“[These six things doth the LORD hate: yea, seven are an abomination unto him:] … A false witness that speaketh lies, and he that soweth discord among brethren.“
Aimed at the Church?
If there were only one of the seven things that God hates that could be directed at the church it would have to be the last in the list:
He that soweth discord among brethren.
I have lost count of the times I have heard Christian brothers and sisters moaning and complaining, criticizing and gossiping. Such displays of discord, disharmony and disunity usually take place inside the church building, often immediately after a service. How does that work? We enter a building we call God’s sanctuary, we go through the motions of worshipping God, and we listen as the pastor brings God’s word. Then when the service is over we may find ourselves talking to others about how the worship wasn’t very good, or how the pastor spoke for too long. Or perhaps we gossip about others in the church. If you are reading this blog and you have never indulged in such behavior then you probably are not a resident of planet Earth.
It is time, brothers and sisters, to put our hands up and acknowledge that we have used harmful words, that we have sown discord in our church fellowships, and we have offended God by doing so.

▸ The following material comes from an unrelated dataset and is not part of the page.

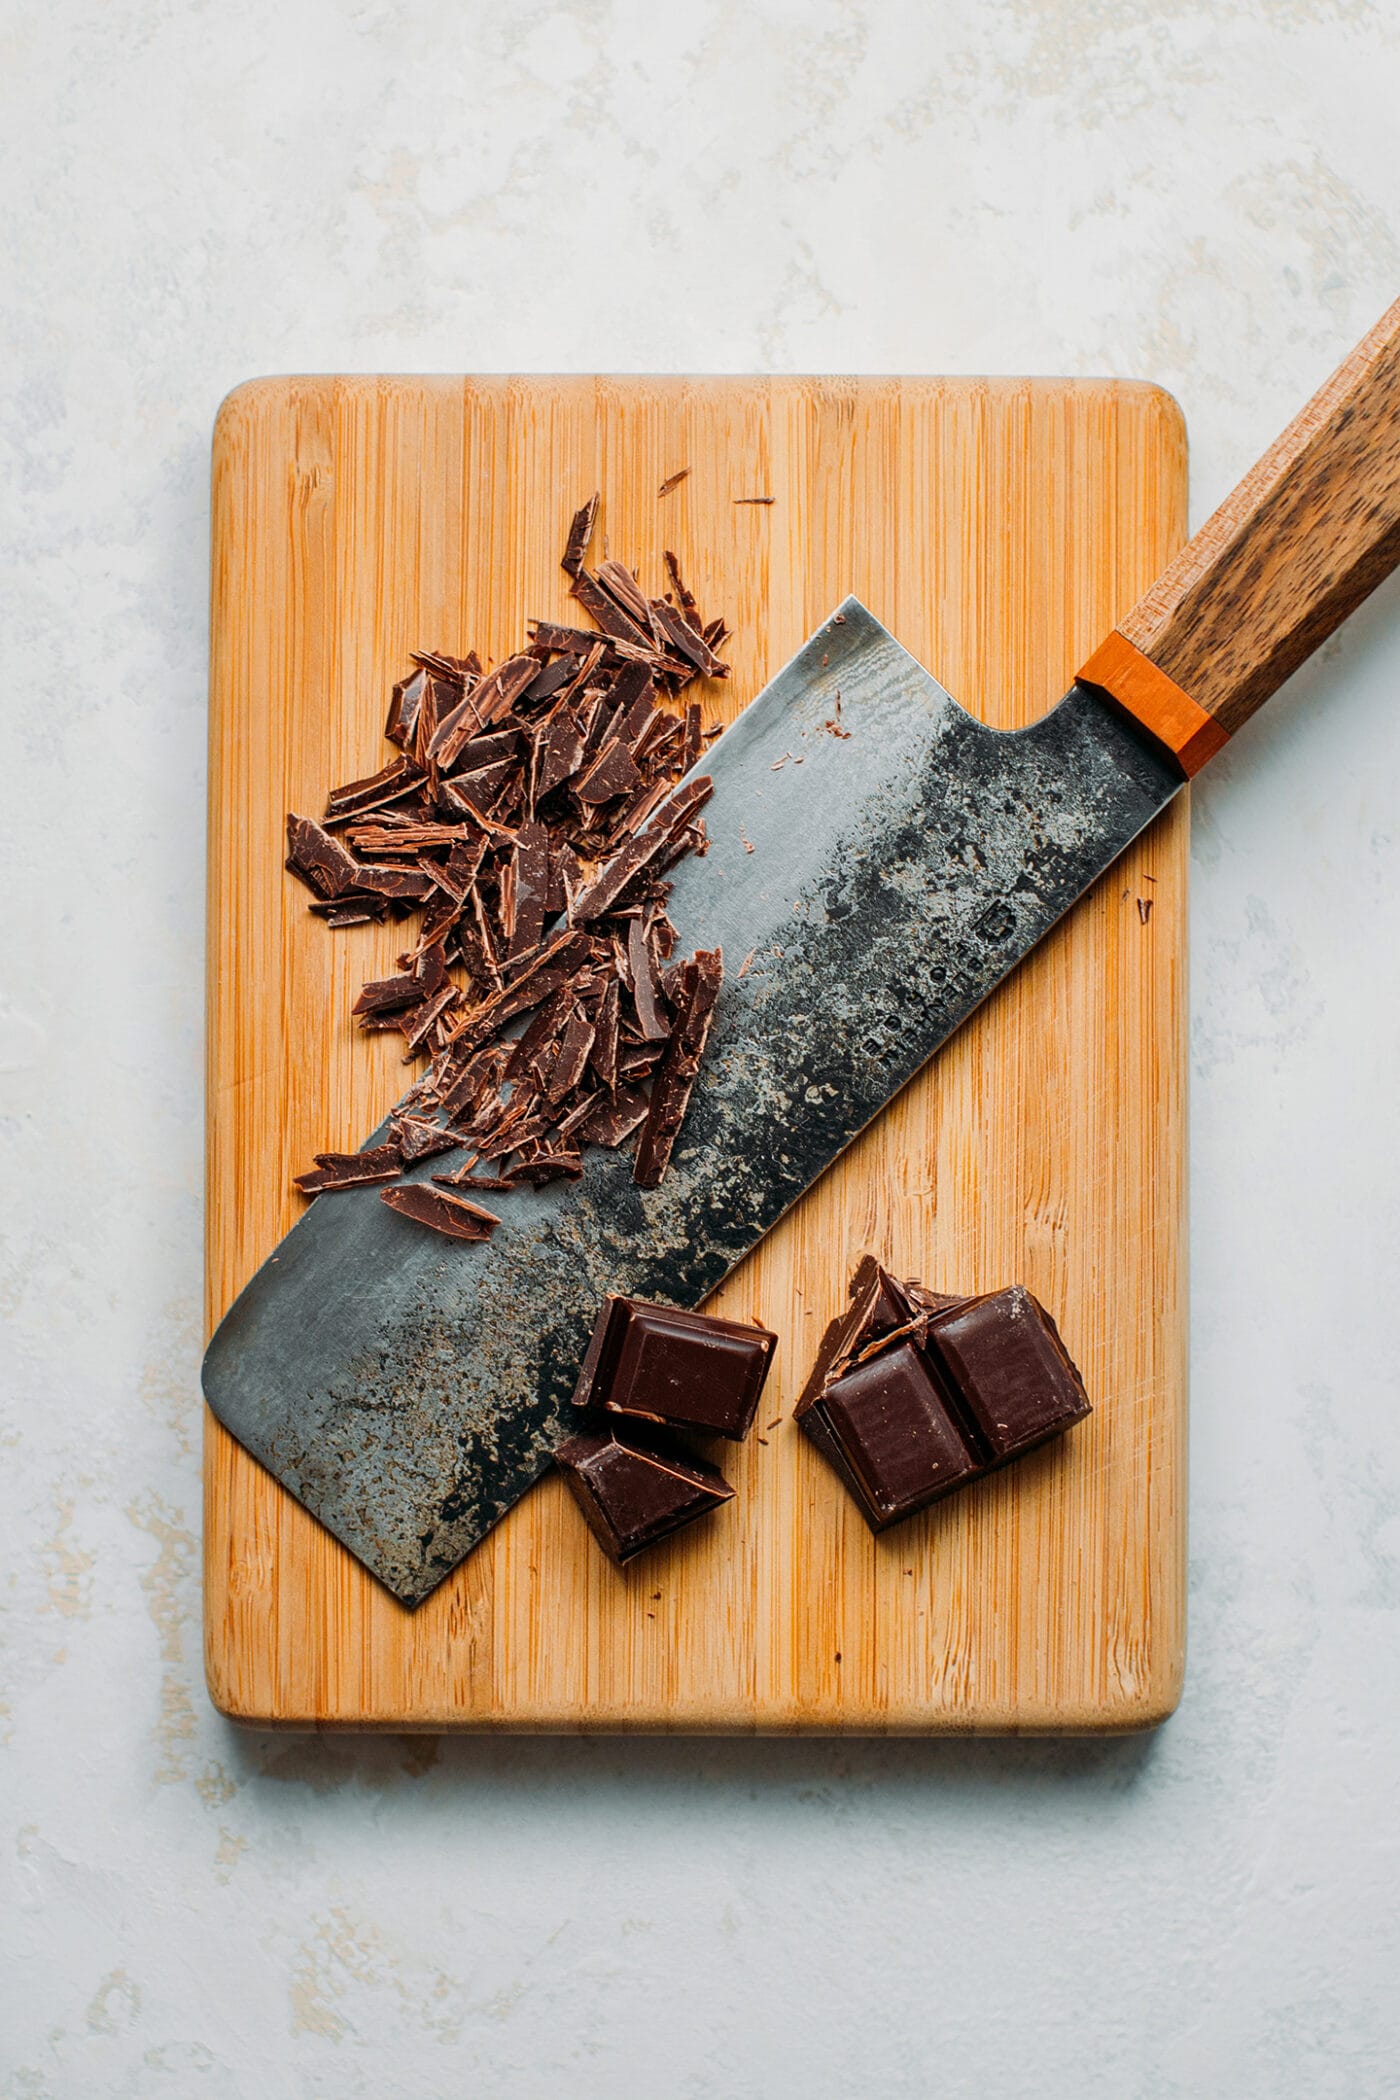 Chopped dark chocolate on a cutting board.

Here’s the challenge. Instead of criticizing your pastor this Sunday, how about thanking him for his sermon, and for all the other stuff he does, most of which you will never see or know about.

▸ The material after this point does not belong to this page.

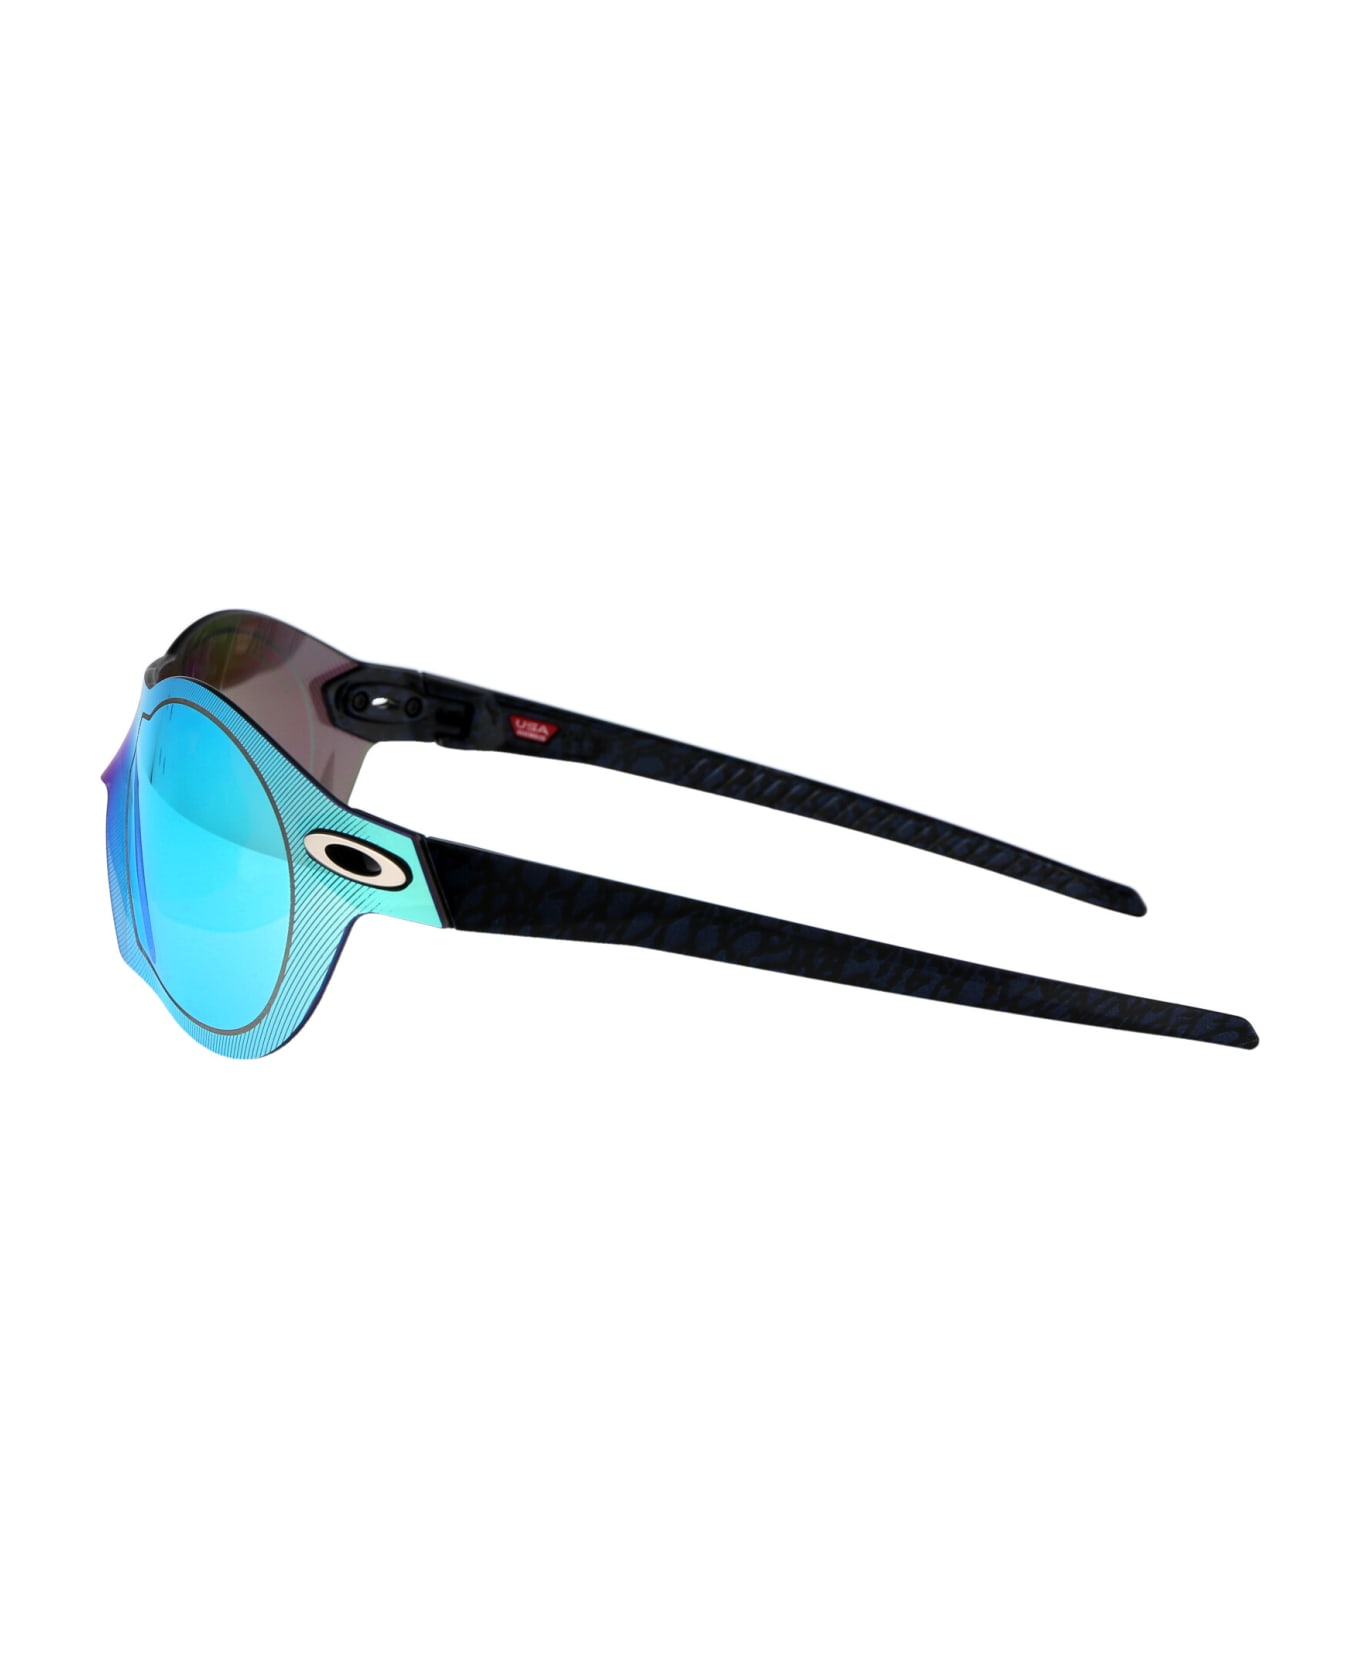 Oakley Re:subzero Sunglasses

Instead of moaning about the musicians, how about encouraging them, even if they played too slow, too fast, too quietly or too loud (in your opinion).
Instead of gossiping about others, how about getting closer to them and looking at them through God’s eyes?
Instead of complaining about everything you think is wrong with your church why don’t you stop for a moment and ask God where he would like you to serve more, better or differently within your fellowship.
Fellowship has to be the key. Fellowship is diametrically opposed to discord. Could your church be described as a fellowship? If not, why not?